____ Supplied data

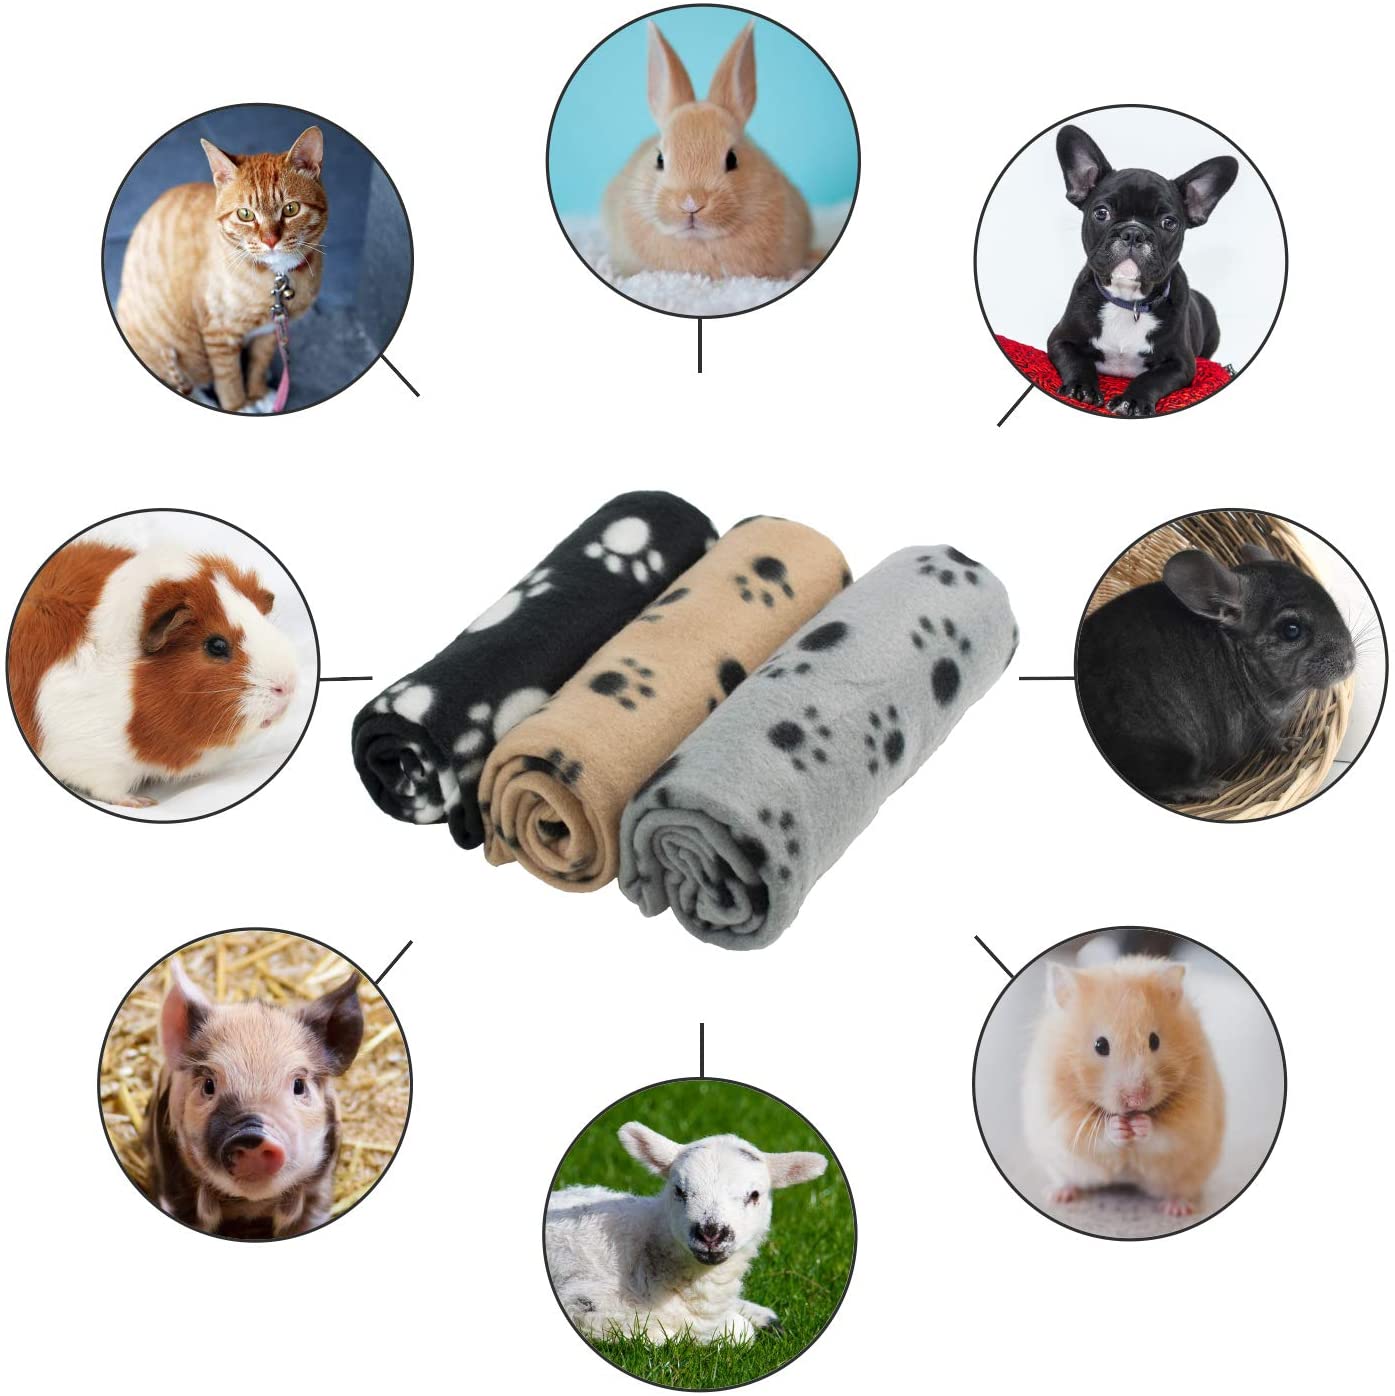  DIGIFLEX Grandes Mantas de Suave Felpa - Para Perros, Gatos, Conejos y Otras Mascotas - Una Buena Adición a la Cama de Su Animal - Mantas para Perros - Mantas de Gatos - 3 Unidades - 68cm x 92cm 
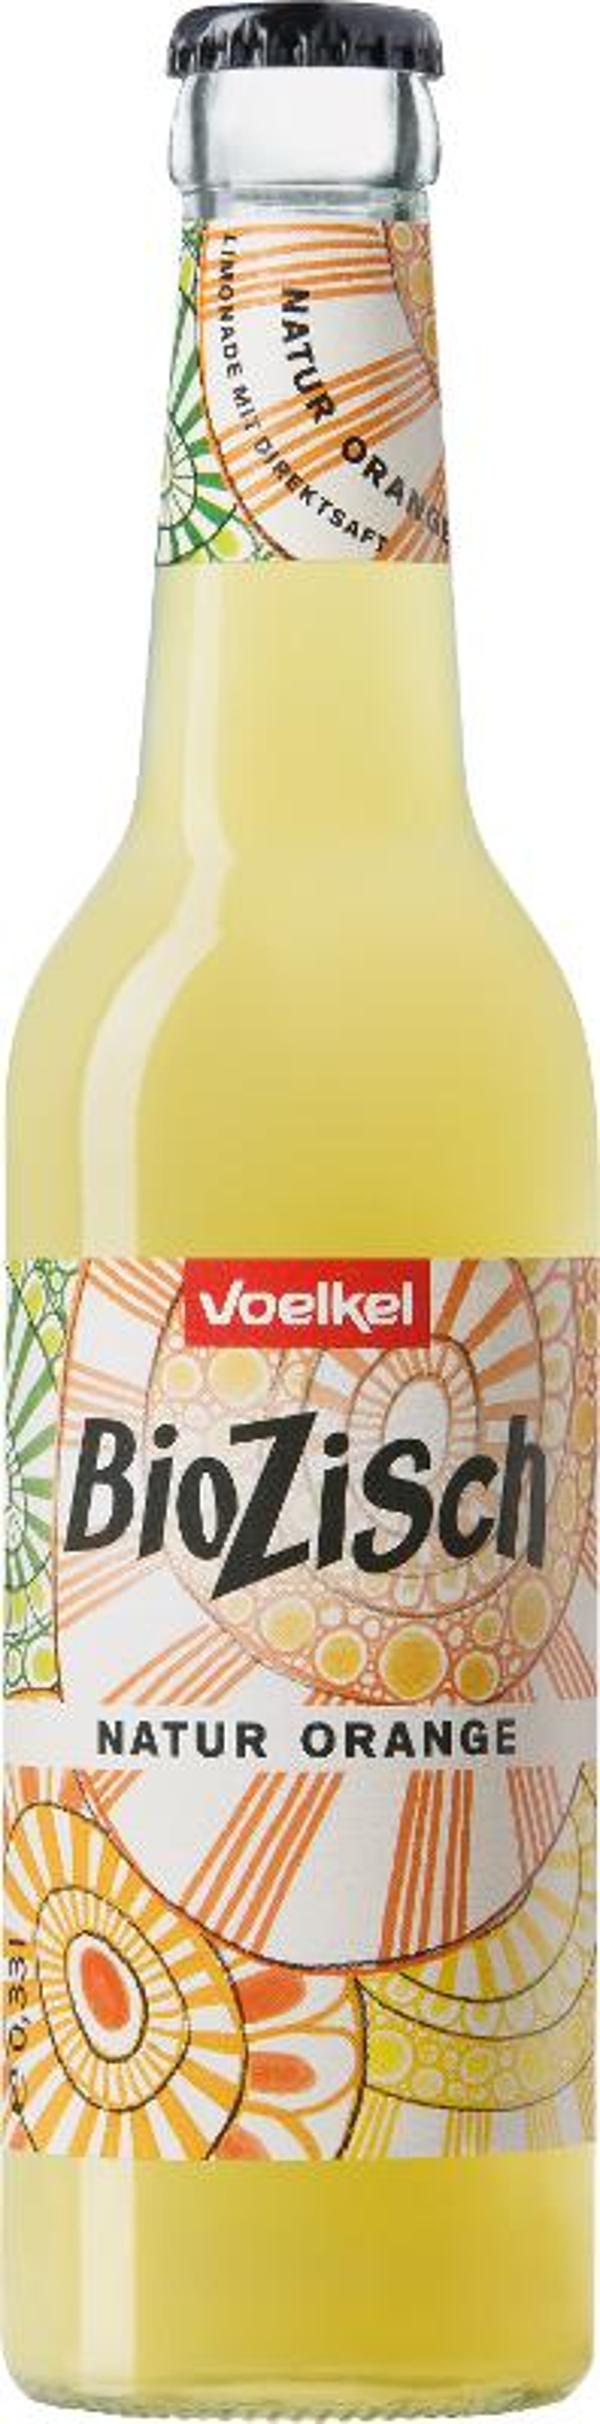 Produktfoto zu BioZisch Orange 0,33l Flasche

________
____ Supplied data

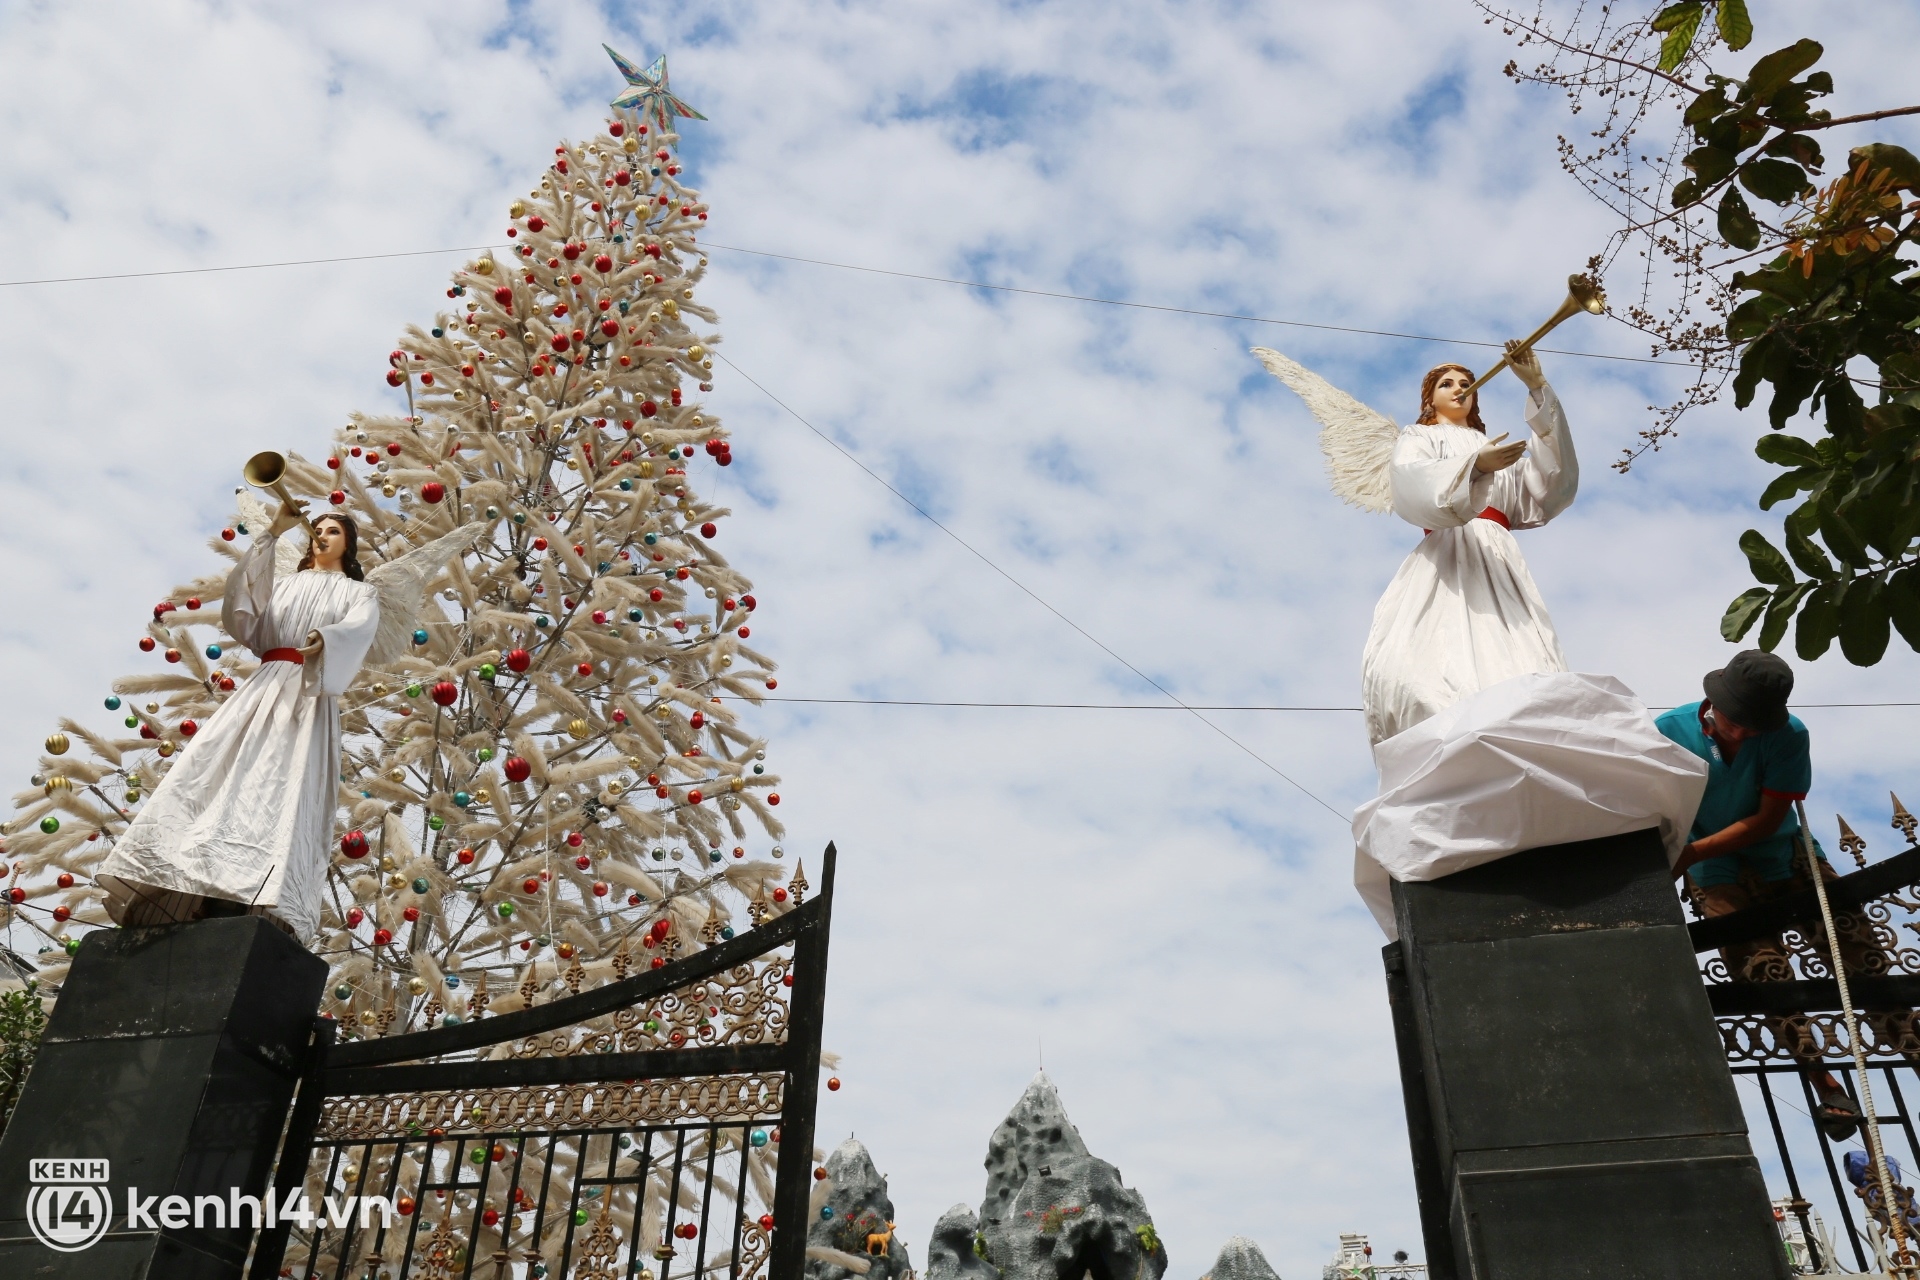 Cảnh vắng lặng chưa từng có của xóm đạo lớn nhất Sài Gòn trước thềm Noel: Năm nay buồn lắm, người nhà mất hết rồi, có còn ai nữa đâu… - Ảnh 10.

________
____ Supplied data

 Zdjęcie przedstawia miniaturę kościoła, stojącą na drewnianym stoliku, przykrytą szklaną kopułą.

________

--- Task to carry out ---
Your answer must be the lines above from the one holding "DIGIFLEX Grandes Mantas" up to and including the one holding "Produktfoto zu BioZisch Orange 0,33l Flasche", exact and with no pictures.

--- Response ---
  DIGIFLEX Grandes Mantas de Suave Felpa - Para Perros, Gatos, Conejos y Otras Mascotas - Una Buena Adición a la Cama de Su Animal - Mantas para Perros - Mantas de Gatos - 3 Unidades - 68cm x 92cm 
 Produktfoto zu BioZisch Orange 0,33l Flasche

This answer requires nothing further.